In June 2010, News Corporation launched a takeover bid for the remaining shares in the company. There was widespread opposition to the bid, on the grounds that it would give NewsCorp too dominant a position in the British media. The bid was withdrawn in July 2011 following the News International phone hacking scandal. The British Office of Communications (Ofcom) launched an enquiry that same month to determine whether BSkyB should continue to hold a licence to broadcast. In September 2012, Ofcom ruled that BSkyB could retain its licence.

An attempt by 21st Century Fox (the successor to News Corporation) in December 2016 to acquire the 61% share of Sky that it did not already own led to concerns again being raised as to whether it would give the Murdoch family too dominant an influence over British media. American media conglomerate Comcast entered a rival bid in April 2018, and after an auction, 21st Century Fox no longer has any stake in the company. As of October 2018, Sky UK is now wholly owned by Comcast.

==Political corruption==
On 12 July 2011, former British Prime Minister, Gordon Brown, claimed that BSkyB's majority owner, News Corporation, attempted to affect government policy with regard to the BBC in pursuit of BSkyB's own commercial interests. He went further, in a speech in Parliament on 13 July 2011, stating:

"Mr James Murdoch, which included his cold assertion that profit not standards was what mattered in the media, underpinned an ever more aggressive News International and BSkyB agenda under his and Mrs Brooks' leadership that was brutal in its simplicity. Their aim was to cut the BBC licence fee, to force BBC online to charge for its content, for the BBC to sell off its commercial activities, to open up more national sporting events to bids from BSkyB and move them away from the BBC, to open up the cable and satellite infrastructure market, and to reduce the power of their regulator, Ofcom. I rejected those policies."

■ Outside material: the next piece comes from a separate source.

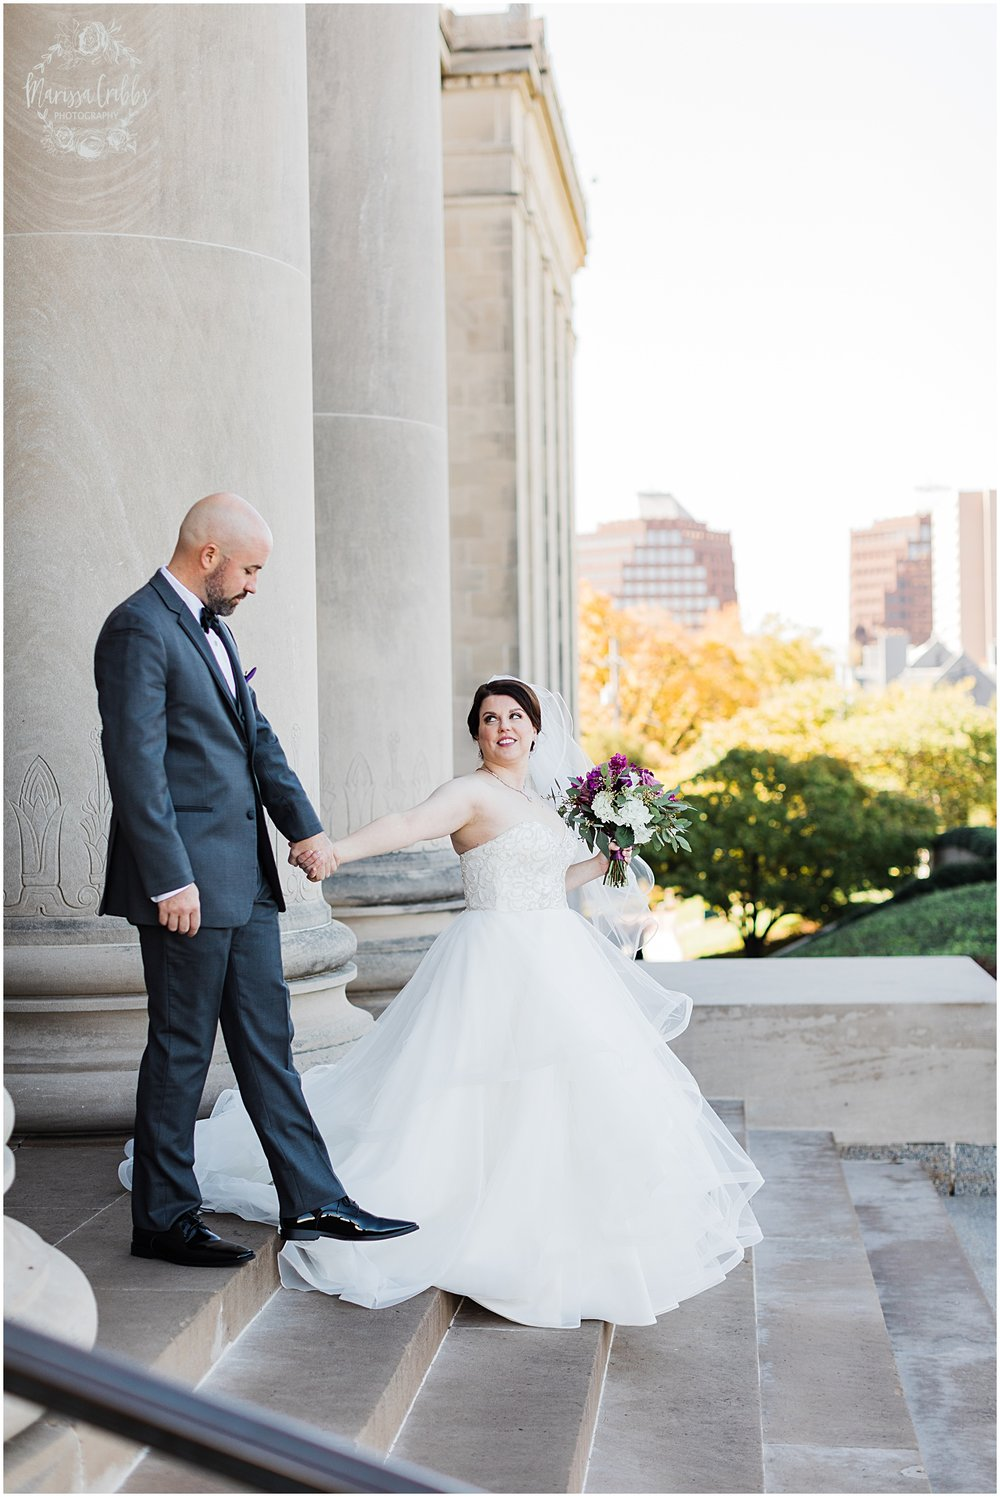 LAURA & DAN MARRIED   NELSON ATKINS MUSEUM   MARISSA CRIBBS PHOTOGRAPHY_7002.jpg

As a result of the furore over phone hacking – including all main parties in the UK Parliament agreeing on a motion to block the bid and the deal being referred to the Competition Commission – the News Corporation takeover proposal for BSkyB was dropped on 13 July 2011.

In light of the phone hacking revelations, the UK media regulator Ofcom took the decision on 8 July 2011 to be kept informed of the phone hacking investigation and to launch a "fit and proper" test, as a result of BSkyB's majority News Corp ownership (part of its obligations under the UK Broadcasting Act), in order to remain "satisfied that any person (which will include controlling directors and shareholders) holding a broadcasting licence remains fit and proper to hold those licences."

On 20 September 2012, BSkyB was found "fit and proper" to retain a licence to broadcast by the British Office of Communications (Ofcom). Ofcom stated in its report that "Ofcom’s duty to be satisfied that a licensee is fit and proper is ongoing. Should further relevant evidence become available in the future, Ofcom would need to consider that evidence in order to fulfill its duty."

==News Corporation takeover bid 2010==

As part of News Corporation – which has a large ownership of the UK newspaper market – BSkyB was highlighted as part of media ownership concerns in September 2010 by Claire Enders, founder of media consultancy Enders Analysis, when she wrote to Vince Cable, UK Business Secretary, in a 20-page letter stating that News Corporation's bid for the 60.9% of BSkyB they don't own would dilute media plurality and exercise "too much political influence". She also stated any such shareholder arrangement would represent a ""Berlusconi moment" for the UK", referring to Italy's concentration of media ownership.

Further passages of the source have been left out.